- [TASK BRIEF]:
From the first line to the last, set down the material exactly and drop every picture.
(GIVEN DATA Opens)
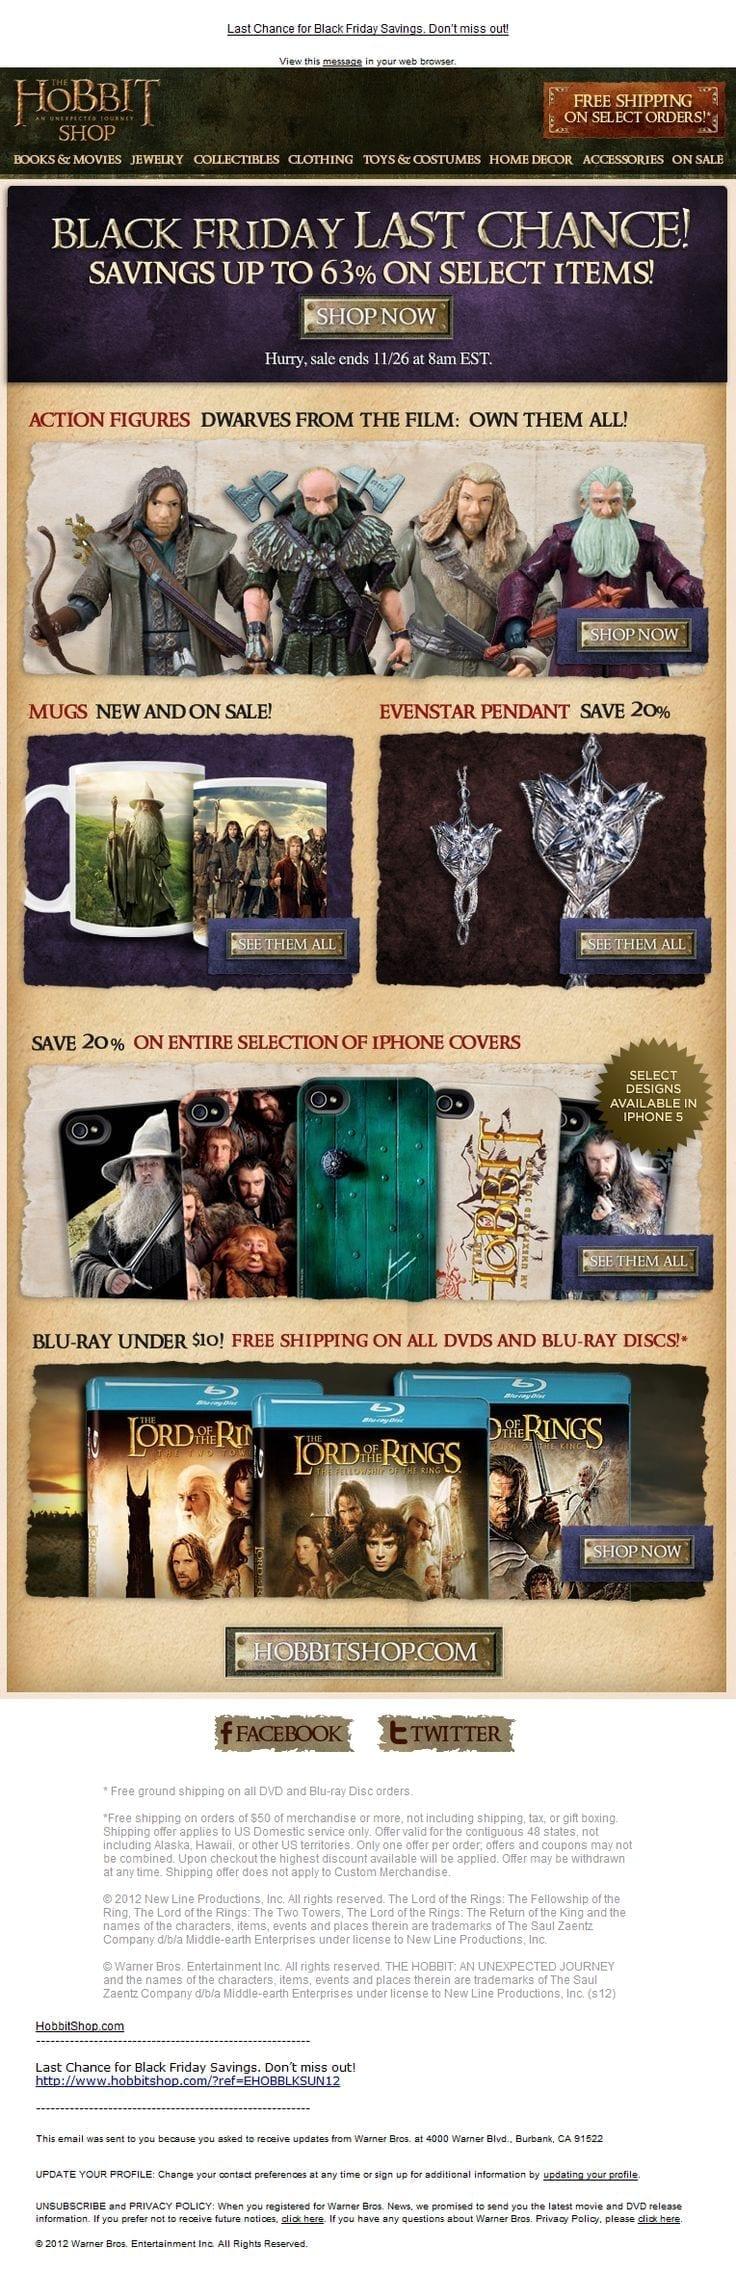 The Hobbit Shop Black Friday Email
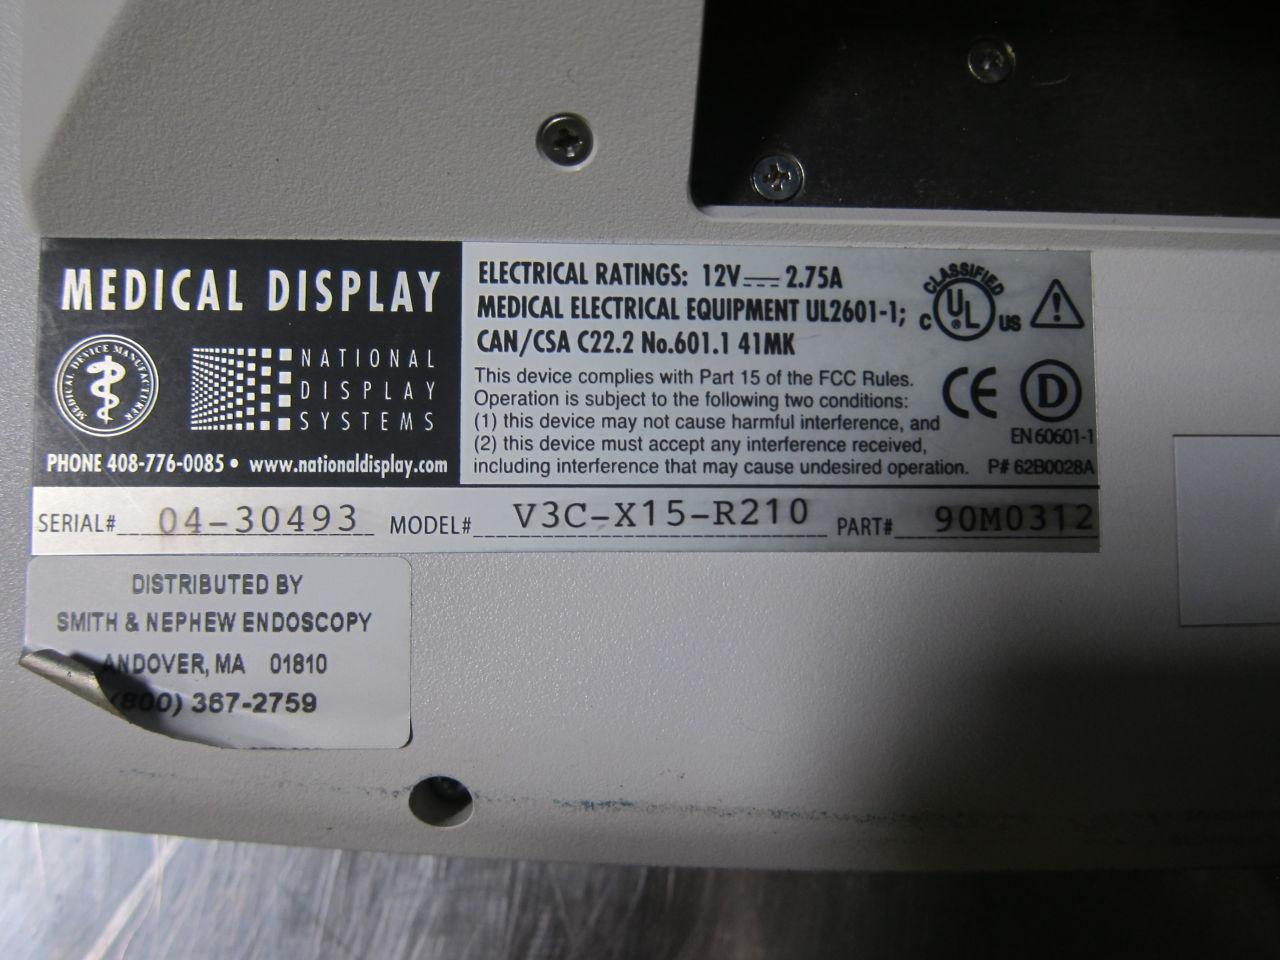 NATIONAL DISPLAY V3C-X15-R210 Display Monitor
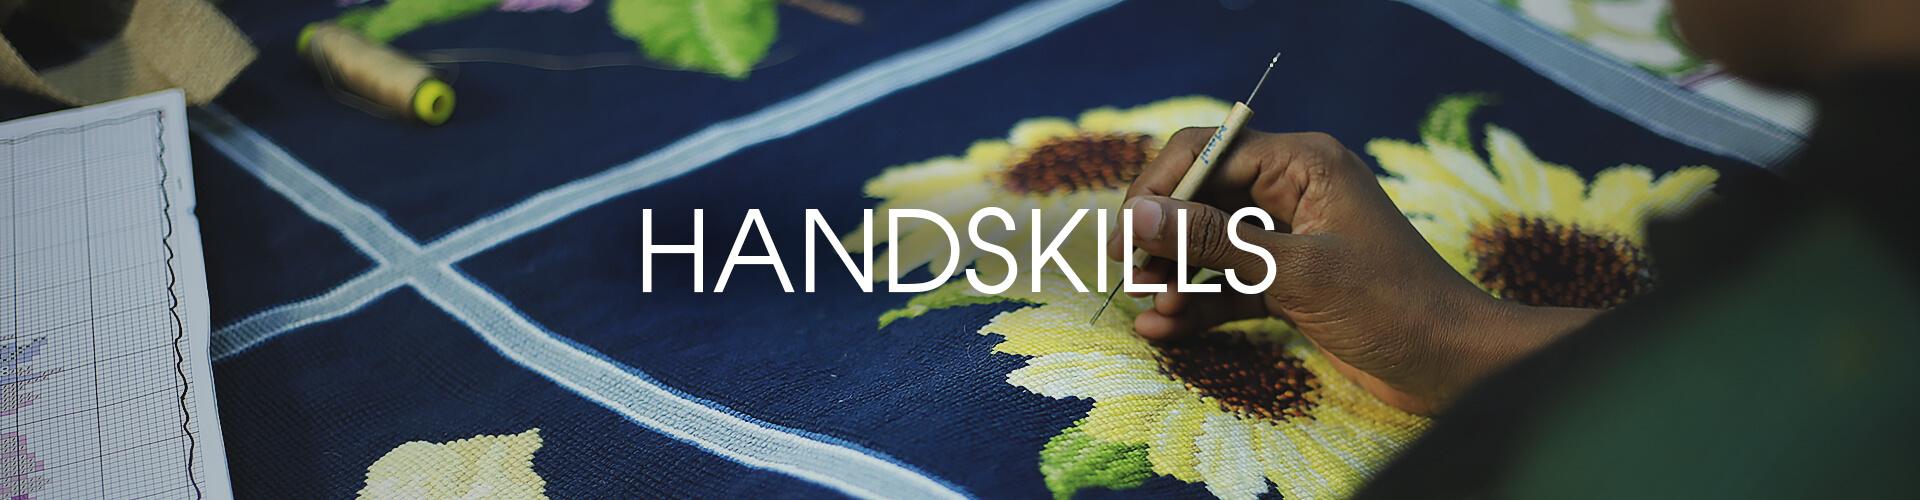 handskills
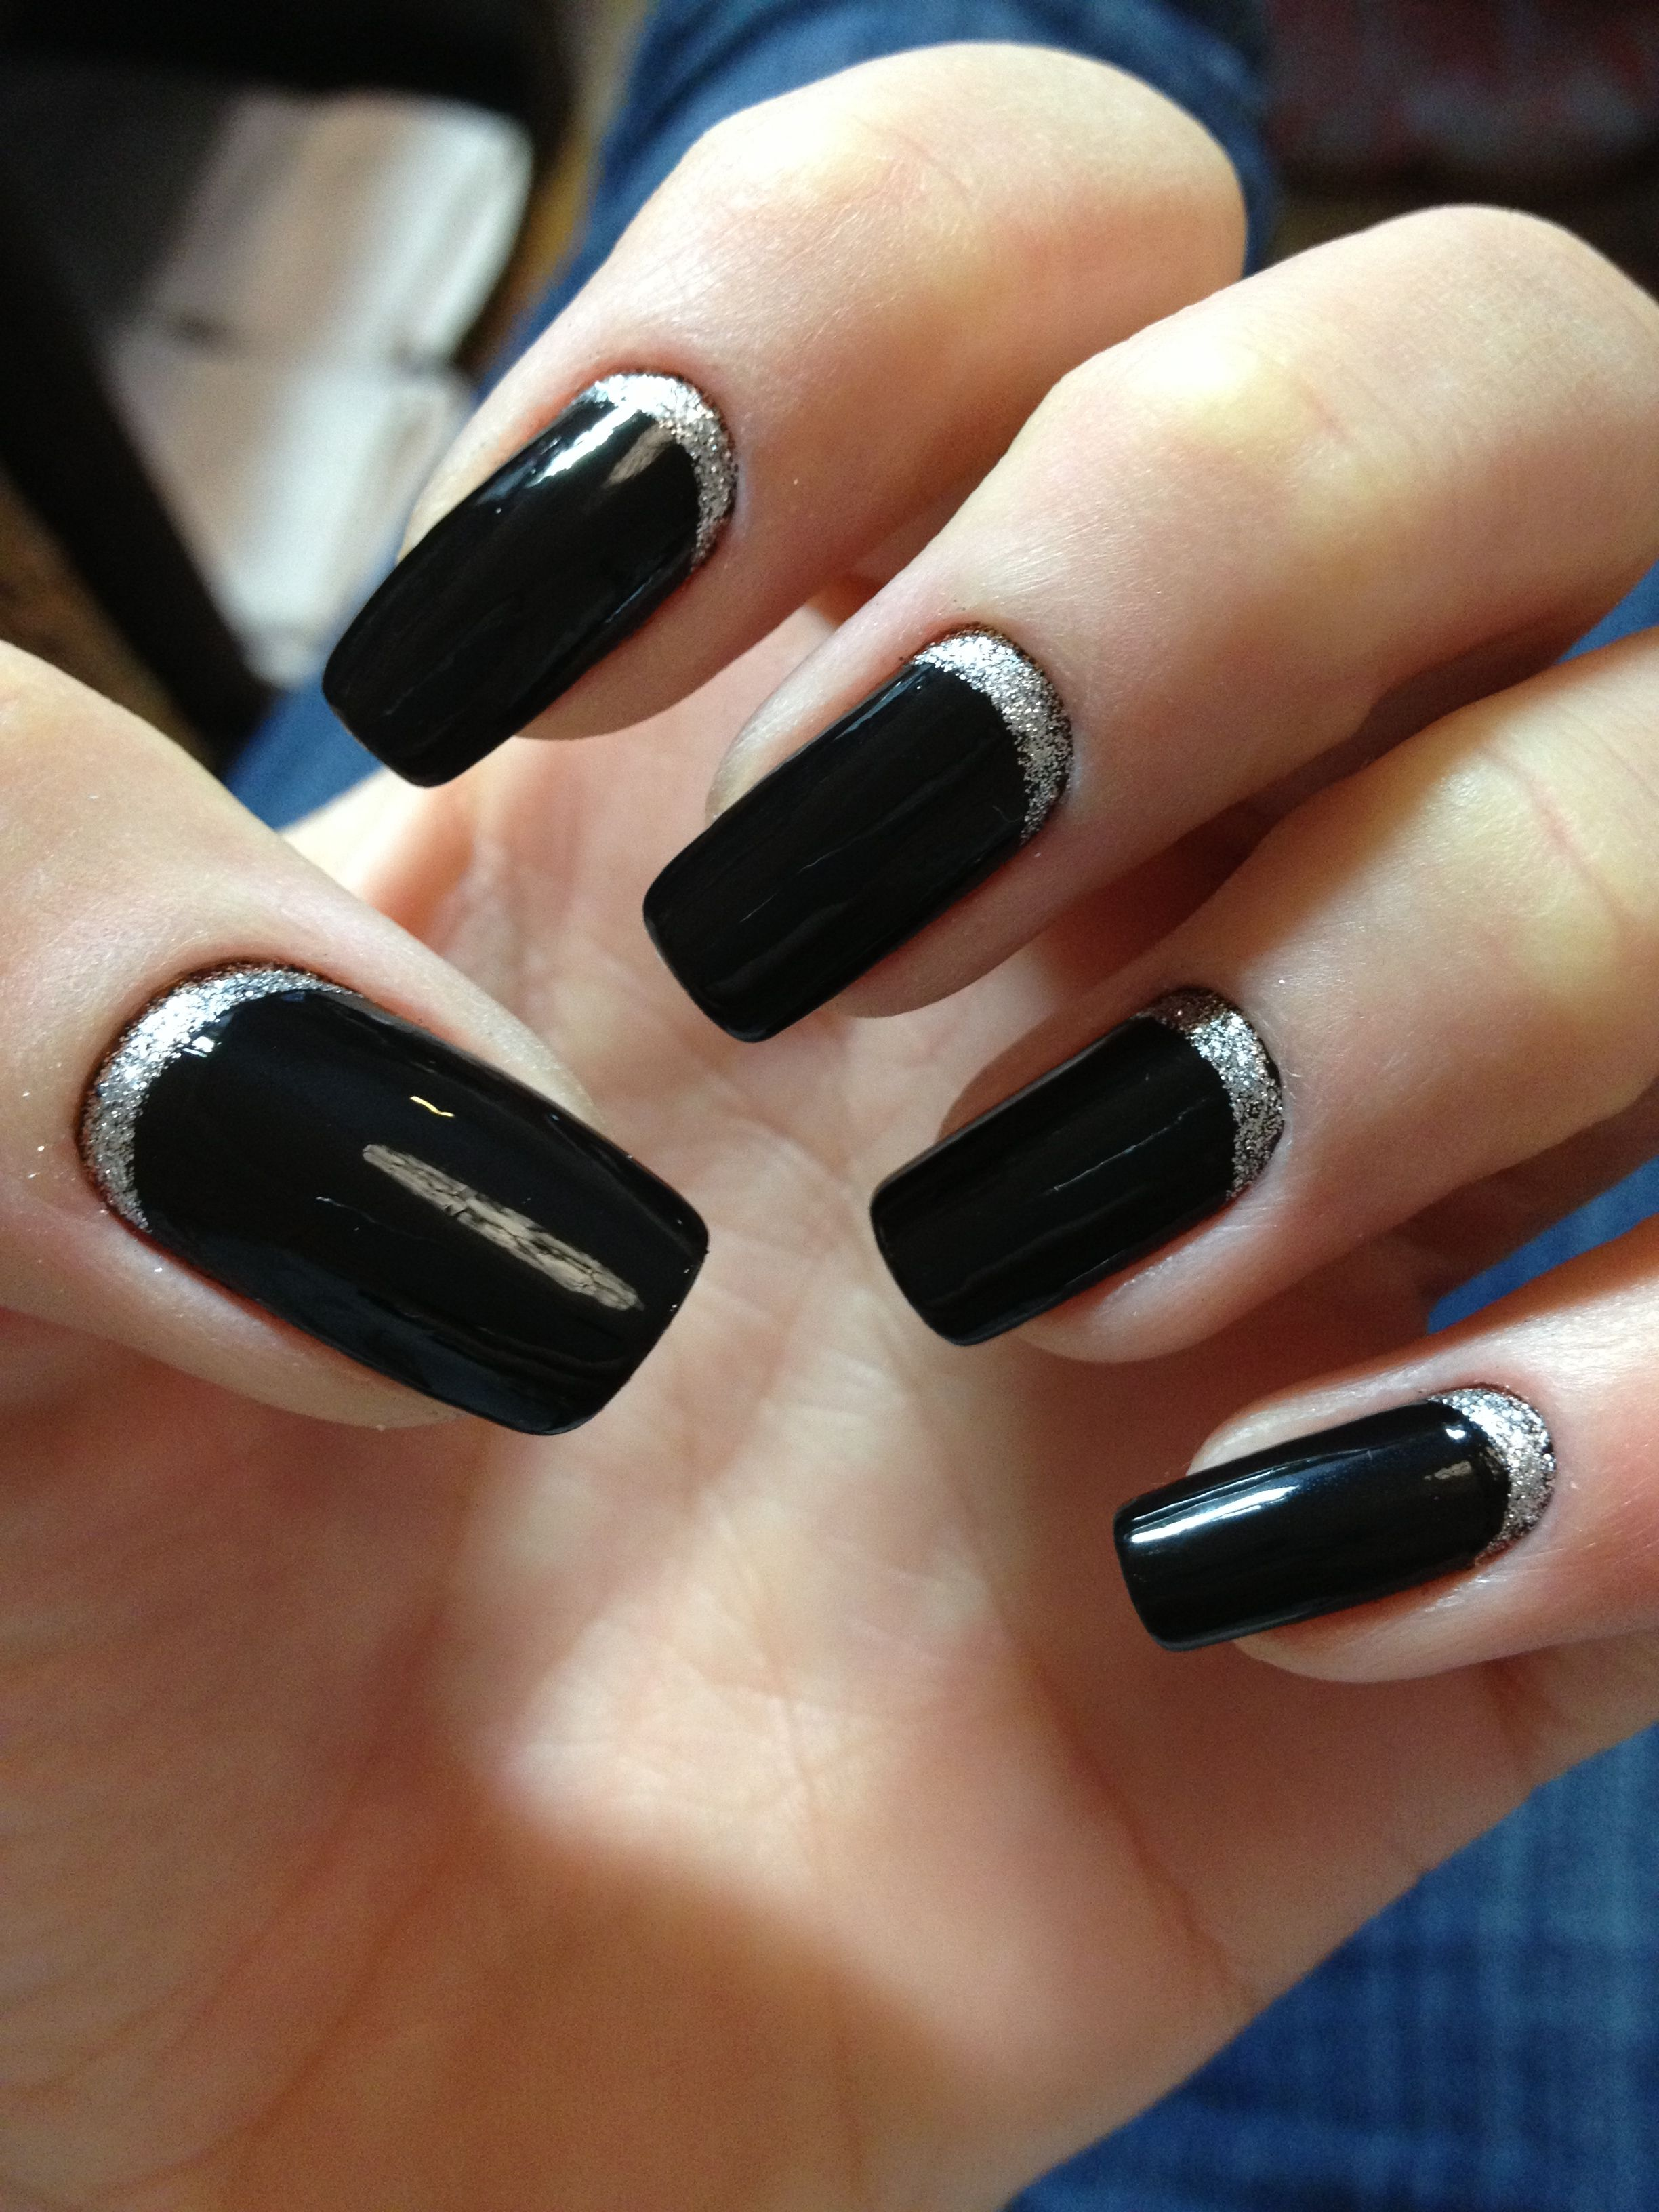 Glitter moon nails!
(GIVEN DATA Closes)
- [YOUR RESPONSE]:
 The Hobbit Shop Black Friday Email
 NATIONAL DISPLAY V3C-X15-R210 Display Monitor
 handskills
 Glitter moon nails!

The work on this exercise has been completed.